As a national infrastructure that enables artificial intelligence at the flick of a switch, ICICLE will transform today’s AI landscape from a narrow set of privileged disciplines to one where democratized AI empowers domains broadly through integrated plug-and-play AI. Converging under one virtual roof, ICICLE will foster interdisciplinary communities, advance foundational AI and CI, and transform application domains. Through its innovative approach to training and technology transfer, ICICLE will grow an AI-enabled workforce and incubate innovative companies with sustained diversity and inclusion at all levels. Ultimately, ICICLE will enable a transparent and trustworthy national infrastructure for an AI-enabled future to address pressing societal problems and enable decision-making for national priorities.
ICICLE is a part of the National Science Foundation AI Institutes program.
Image processing- and other sensor-based understanding of plant behavior are becoming key to the new discoveries in plant genotypes leading to a more productive and environment-friendly farming.
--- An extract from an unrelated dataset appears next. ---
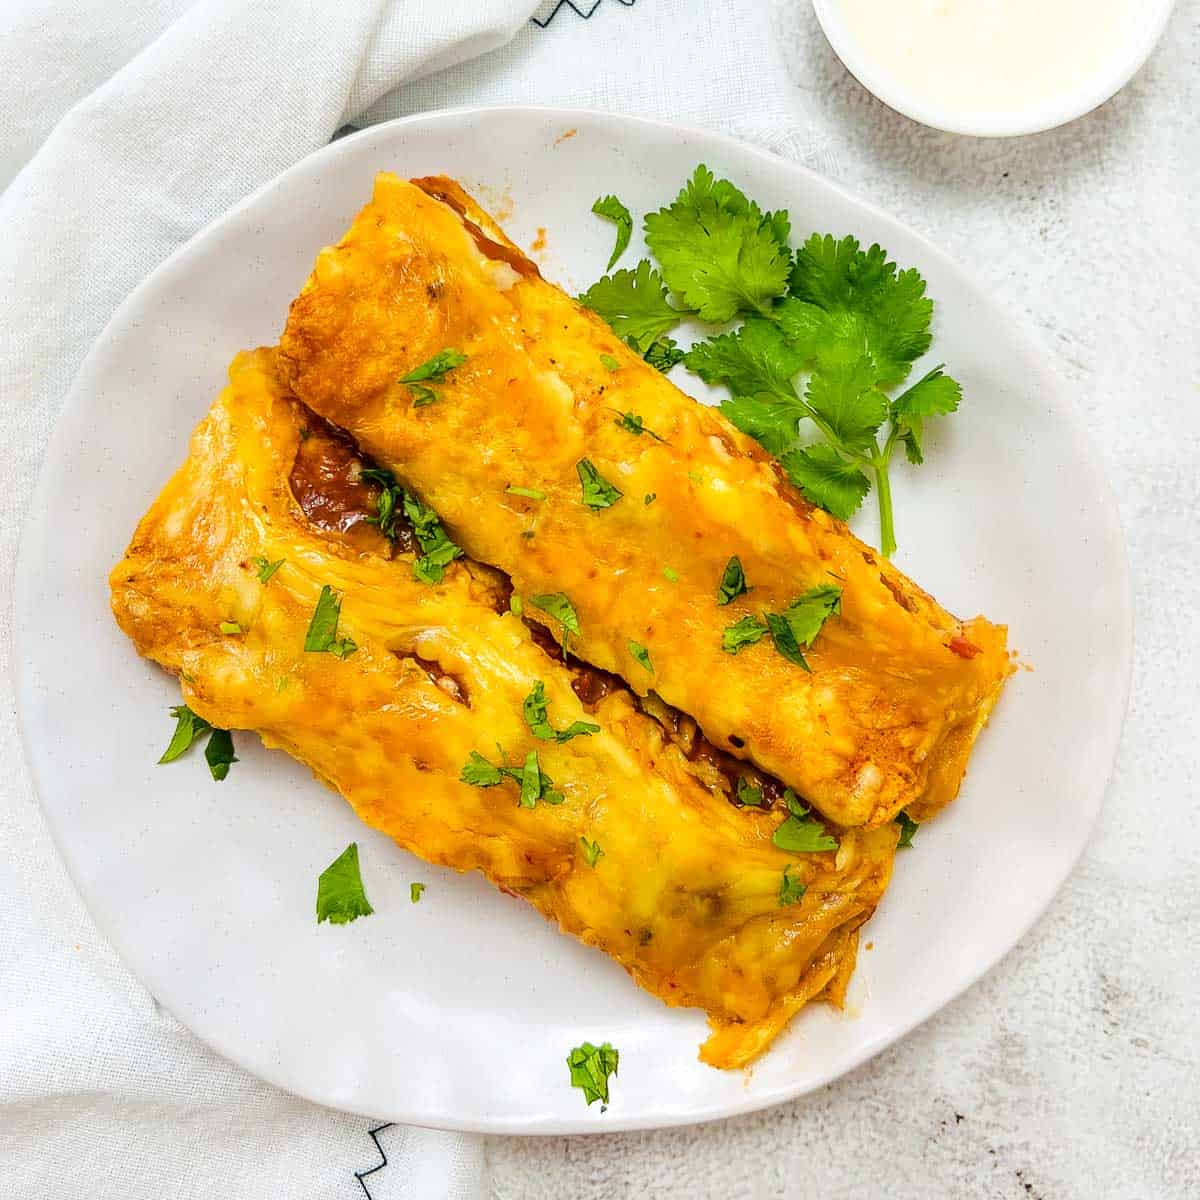 Chicken lentil enchiladas topped with cilantro and served with sour cream.

Similarly, connectivity and autonomy are two main drivers of a safe, efficient, and sustainable transportation vision, and real-world study of connected and automated vehicles (CAVs) is a key tool towards realizing that vision. Existing research and education in agriculture and transportation systems are constrained by the lack of connectivity between field-deployed equipment and cloud infrastructures. To fulfill this gap, we will establish the CyNet cyberinfrastructure at Iowa State University (ISU). CyNet features advanced, field-deployed wireless networks with open-source hardware and software platforms, 10Gbps software-defined optical networks, high-performance cloud computing infrastructures, as well as infrastructure virtualization and management systems that transform the CyNet hardware platforms into a software-defined, shared-use infrastructure.
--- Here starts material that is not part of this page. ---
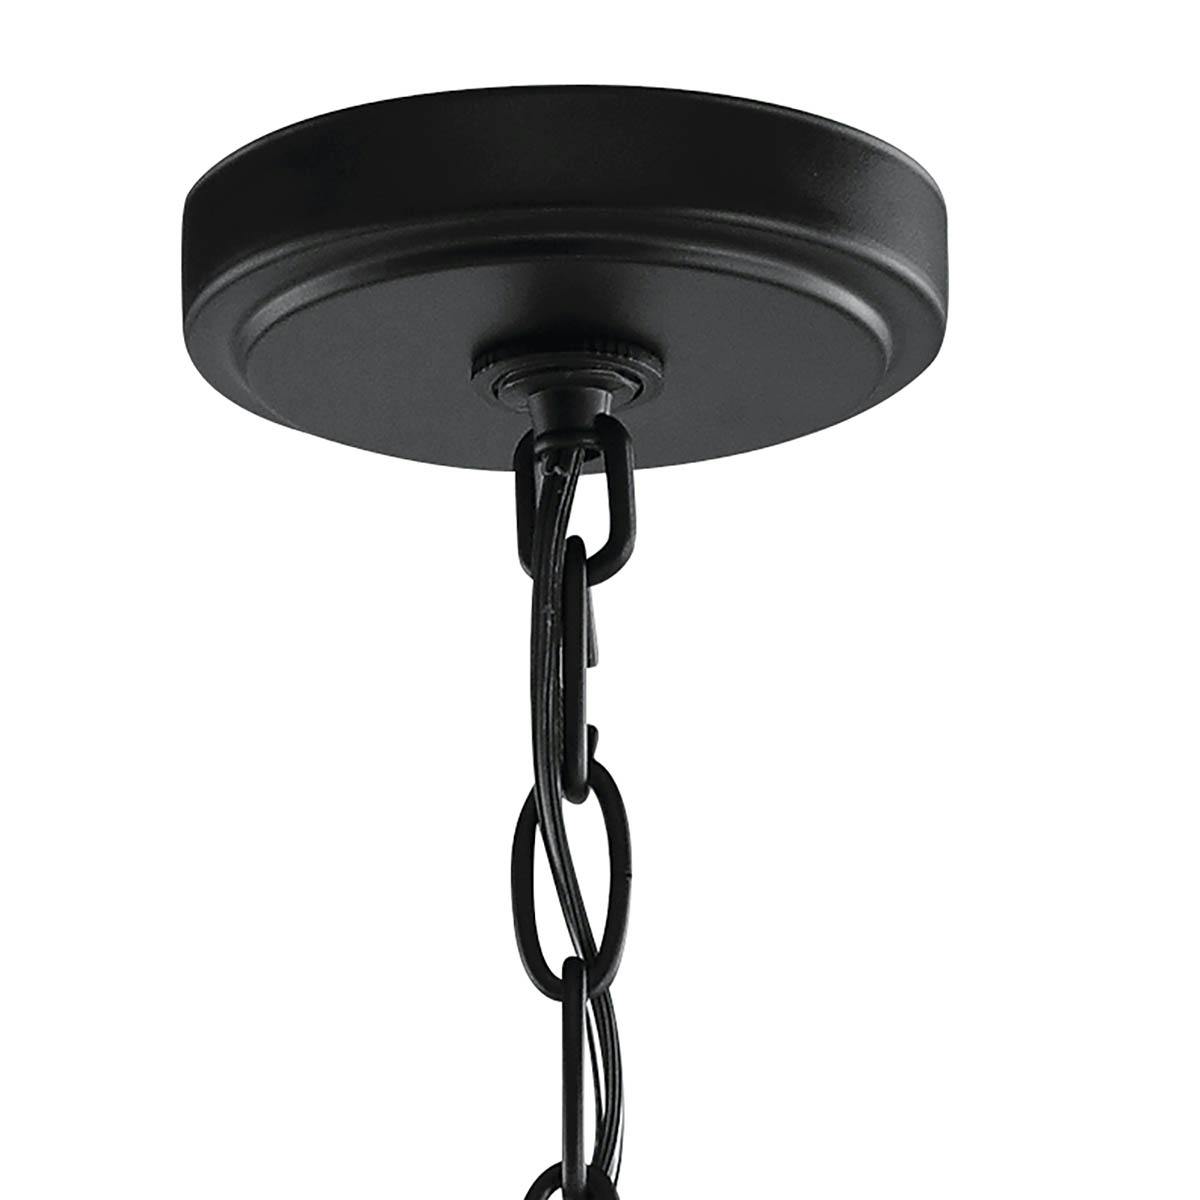 Canopy for the Voleta 20.75" 3 Light Pendant Black on a white background

CyNet is expected to stimulate research and field deployment of PRRT wireless networks (e.g., those considered in 5G and beyond). CyNet is also expected to enable transformative plant science studies and farming practice which promise to move agriculture into a new era in which inputs are optimized, farmer profitability is increased, production levels are less variable from year to year, and the ecological foot-print of agriculture is minimized. CyNet will also enable transformative research in connected and automated transportation, which is key to transportation safety, efficiency, and sustainability. CyNet will enable exciting interdisciplinary education activities in networking, computing, agriculture, and transportation, and it will help engage under-represented students in STEM education.